File:Datest Dendrogram PCP.JPG

Datest_Dendrogram_PCP.JPG(600 × 600 pixels, file size: 38 KB, MIME type: image/jpeg)


Summary

Description
English: This picture has been created with MD*Tech XploRe.


Dendrogram

This chart is the graphical representation of the clustering algorithm. For more detailed interpretation check en:Analysis of Tuberculosis.

Parallel Coordinate Plot

This plot shows the values of the cluster means (cluster = groups found in the data) on a vertical standardized axis. For interpretation check en:Analysis of Tuberculosis.

Usage of the Program

This program provides the opportunity to compute different numbers of clusters with several distance measures and clustering algortihms. Default settings are the computation of 3 clusters, usage of the euclidean distance and the Ward clustering algorithm. The output contains the text vectors of the the country names falling into each cluster as well as the cluster means and variances. Furthermore, the PCP (Parallel Coordinate Plot) of cluster means is plotted to give a first insight into differences between the groups found in the data. Finally, the cluster information can be saved to new files for ongoin analysis (clusters could, for instance, be checked for outliers with the the outlier program that can be found here).

Program Code

Attention! For repeating the computation a transformed dataset is needed! If you have not yet computated and saved the transformation, run the program for transformation on the wikipage en:Analysis of Tuberculosis first!


library("xplore")
library("stats")

; ----- Reading Data ---------------------------------------------------------------------------

choose = "Read data from:"

defaults = "C:\Dokumente und Einstellungen\All Users\Desktop\UN_data_ordered.csv"

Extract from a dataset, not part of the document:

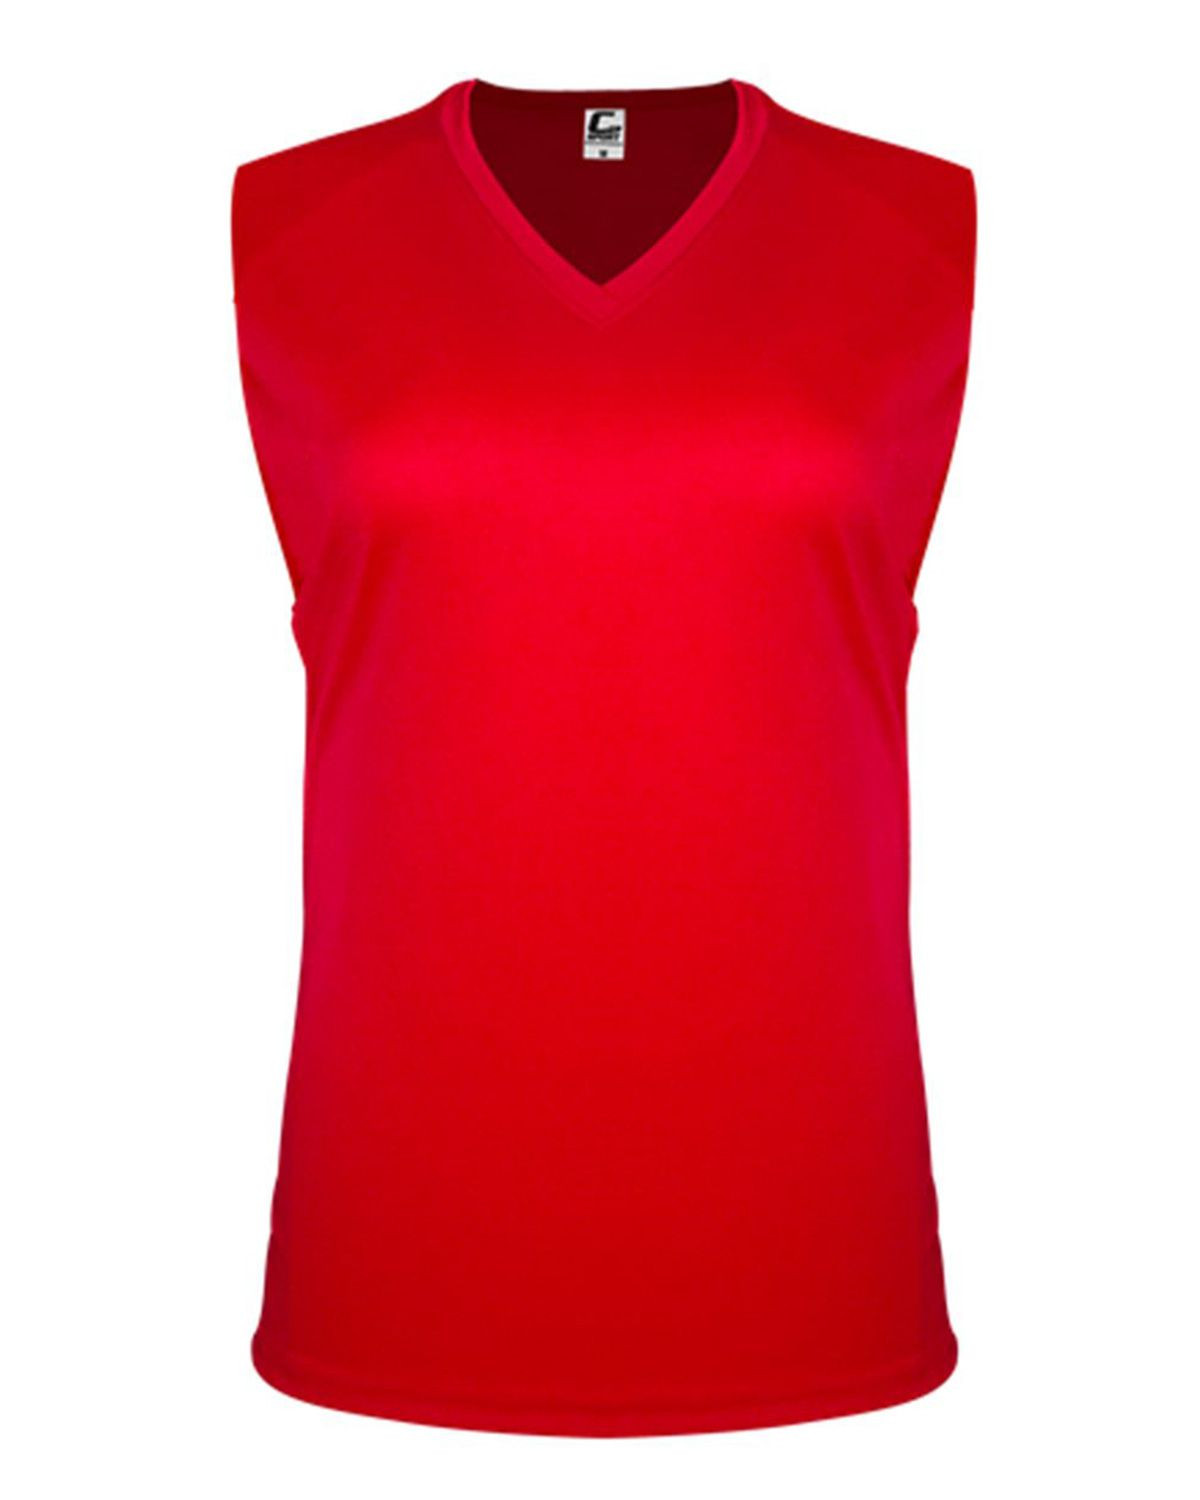 C2 Sport 5663 Women's Sleeveless Tee - Red - XS #sleeveless
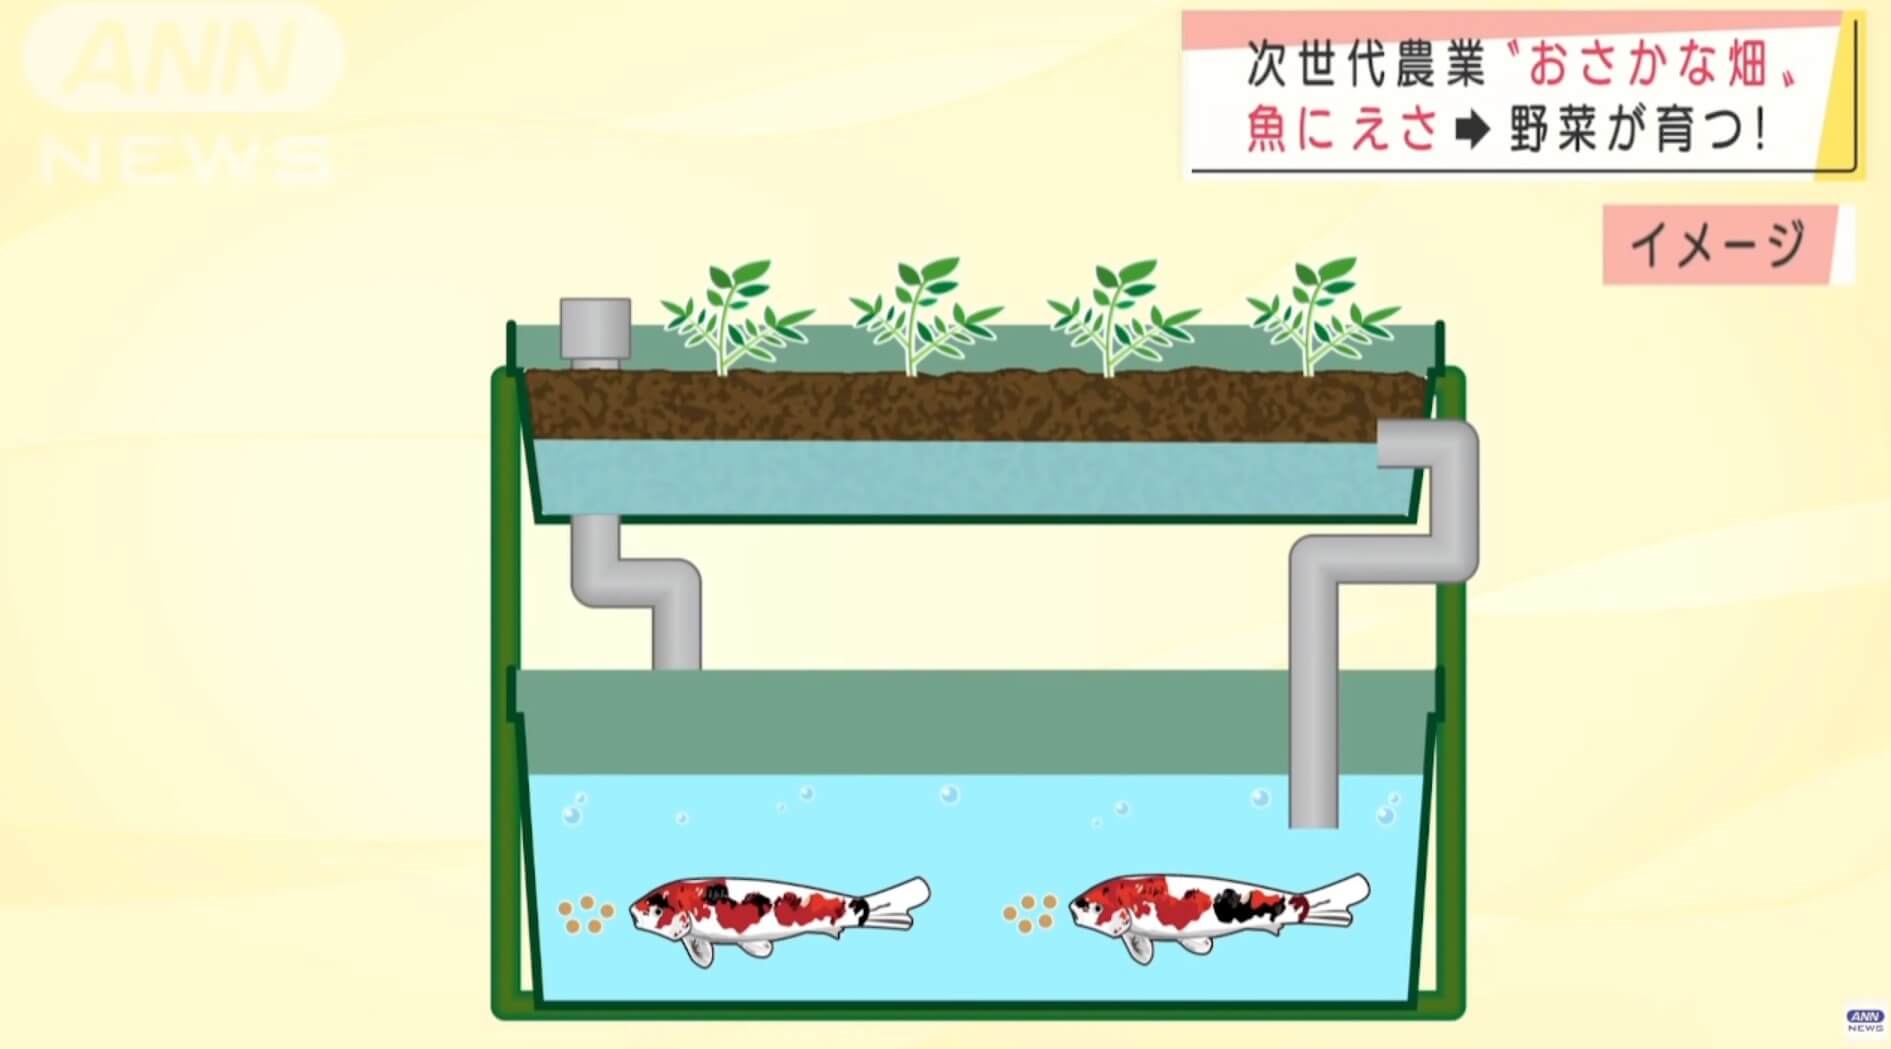 Surge o cultivo de vegetais e peixes no Japão

v1 = readvalue(choose, defaults)

x = readcsvm(v1)

data = x.double
country = x.text

; ----- Cluster Analysis ----------------------------------------------------------------------

data2 = data[,4:cols(data)]
data3 = data2/var(data2)

d=distance(data3,"euclid")
t=agglom(d,"WARD",3)

g=tree(t.g,0,"CENTER")
g=g.points
l = 5.*(1:rows(g)/5) + (0:4)' - 4

setmaskl(g, l, 0, 1, 1)
setmaskp(g, 0, 0, 0)

; ----- Graphical Options ----------------------------------------------------------------------

setsize(600, 600)
f = createdisplay(2,1)

axeson()
show(f, 1, 1, g)
title1 = "Dendrogram"
xlabel1 = "Countries"
ylabel1 = "Euclidean-distance"
setgopt(f, 1, 1, "title", title1, "xlabel", xlabel1, "ylabel", "Euclidean-distance")

; ----- Get Cluster Data and Countries ---------------------------------------------------------

cluster1=paf(data,t.pd==1)
cluster2=paf(data,t.pd==2)
cluster3=paf(data,t.pd==3)

x1=paf(data2,t.pd==1)
x2=paf(data2,t.pd==2)
x3=paf(data2,t.pd==3)

country[cluster1[,1]]
country[cluster2[,1]]
country[cluster3[,1]]

; ----- Get Basic Info about the Clusters (Mean, Variance) and Draw PCP ------------------------

mc=(mean(x1)')~(mean(x2)')~(mean(x3)')
mc

vc=(sqrt(var(x1))')~(sqrt(var(x2))')~(sqrt(var(x3))')
vc

col1  = grc.col.green-grc.col.blue
col2  = grc.col.red-grc.col.blue
col   = grc.col.blue+col1*(mc'[,1]<=min(mc'[,1]))+col2*(mc'[,1]>min(mc'[,1])&&mc'[,1]<max(mc'[,1]))

/*
mctrans = mc' - mean(mc')
mctrans = mctrans'/sqrt(var(mc'))'
mctrans
*/

mctrans = mc' - min(mc')
mctrans = mctrans'/(max(mc')-min(mc'))'
mctrans

gr = grpcp(mctrans',col)

; ----------- Graphical Options ----------

title2 = "Parallel Coordinate Plot of Cluster Means"
xlabel2 = "Aids"|"Mal"|"Tub"|"Con"|"Drug"|"Edu"|"Lit"|"San"|"Wat"|"CO2"|"Int"|"PC"|"Tel"
ylabel2 = "0"|"stdzd."|"1"

axesoff()
axes = graxes((0.80|13.2)~(-0.05|1.05), "origin", 7.5, "ytextpos", 9, "xtextpos", 6, "xticks", (1:13), "xtext", xlabel2, "yticks", 0|0.5|1, "ytext", ylabel2, "xtextsize", 16, "ytextsize", 16)
axes1 = graxes((0.80|13.2)~(-0.05|1.05), "origin", 1.5, "ytextpos", 3, "xtextpos", -1, "xticks", (1:13), "yticks", 0|0.5|1, "ytext", 0|0.5|1, "xtextsize", 16, "ytextsize", 16)

show(f, 2, 1, gr, axes, axes1)
setgopt(f, 2, 1, "title", title2)

; ----- Saving Options for Clusters-------------------------------------------------------------

proc()=save(c1, c2, c3)

head2 = "Save Clusters"

item2 = "Cluster1" | "Cluster2" | "Cluster3"

sel2 = selectitem(head2, item2)

switch

case(sel2[1]==1 && sel2[2]==0 && sel2[3]==0)

folder = "Save cluster1 to:"

default3 = "C:\Dokumente und Einstellungen\All Users\Desktop\Cluster1.csv"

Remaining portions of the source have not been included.